Brian,
I think you have done a great job of demonstrating that design has to be evaluated in the light of requirements. There are probably scenarios where each of these solutions makes sense. Without knowing how it is to be used, there is no way to pick the 'right' one.
For example in a bird simulation it might be fine to have Ostrich.fly() do nothing. Possibly the version that throws an exception would be useful there also. The class hierarchy with FlyingBird is maybe more 'correct' but I don't know that it would be any easier to use in practice.
If you make Ostrich.fly() raise AttributeError it will look to the caller like it is not implemented...NotImplementedError seems appropriate as well. If you want to define your own exception it can be as simple as
class FlightlessBirdException(Exception):
pass
Kent
Brian van den Broek wrote:
Hi all,
I am wondering about the Pythonic way to handle the problem of ostriches, emus, and penguins. (I cannot recall from where I got the example.)
Here's what I mean:
class Bird(object): def fly(self): # flying logic here def lay(self): # egg-laying logic here # more bird methods
class Ostrich(Bird): # ostriches can't fly, so what to do?
I've explored a number of solutions; here they are with what I see as to cons and problems:
The simplest thing is to emulate the ostrich and pretend the problem doesn't exist. But, putting one's head in the sand looks likely to cause troubles in that this route break encapsulation, requiring callers to know enough not to call the fly method of an ostrich.
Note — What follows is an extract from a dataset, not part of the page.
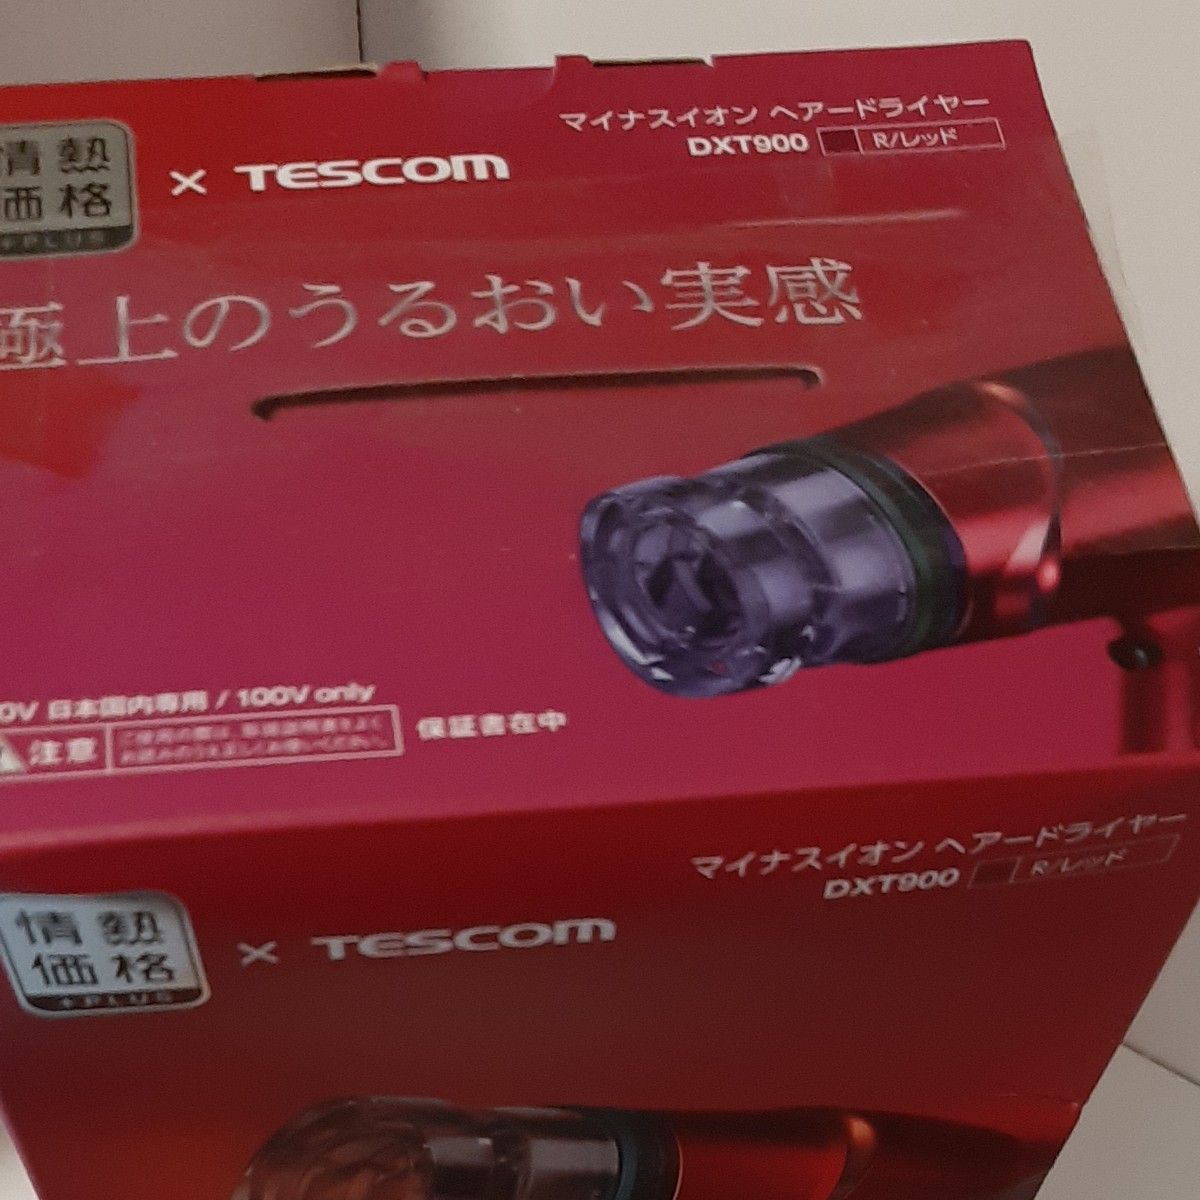 TESCOM マイナスイオンヘアードライヤー DXT900 R レッド

So, that's no good.
class Ostrich(Bird): def fly(self): pass
seems only marginally better, in that it gives the external appearance of flight, whereas what is needed is a "Hey, I don't fly" signal.
The next thought was to over-ride Ostrich.fly as def fly(self): raise NotImplementedError
That seems better, but also a bit confusing; the way I understand it, NotImplementedError is, in the first instance, for abstract classes or for marking work in progress. But Ostrich.fly doesn't fit either case.
That makes me think to define a custom exception, say
class OstrichError(NotImplementedError): '''A custom exception for cases of the "Ostrich problem".
Intended to be raised by methods in a subclass over-riding methods of the parent which don't make sense for the subclass to actually implement.''' def __init__(self): NotImplementedError.__init__(self)
But, since the problem isn't one that my penetrating genius discovered, I am inclined to think that were this the ideal solution, there'd be a (better named) exception class builtin to Python already.
A complicated class hierarchy like
class Bird(object): # bird logic
class FlyingBird(Bird): def fly(self): # flying logic here
class FlightlessBird(Bird): # any particularly flightless logic here
class Ostrich(FlightlessBird): # ostrich logic
seems an invitation to difficulty. My analogy will soon break, but some birds build nests and sing, others, no so much, etc. Flat is soon to give way to deeply nested.
I also tried to delete the inherited Bird.fly method within Ostrich.__init__, but
class Ostrich(Bird): def __init__(self): del self.__dict__['fly']
raises a KeyError, whereas
def __init__(self): del Ostrich.__dict__['fly']
raises: TypeError: object does not support item deletion
Do I have the syntax of the last approach wrong? Or is there no way to remove a method from a class? If the latter, what to do about flightless fowl?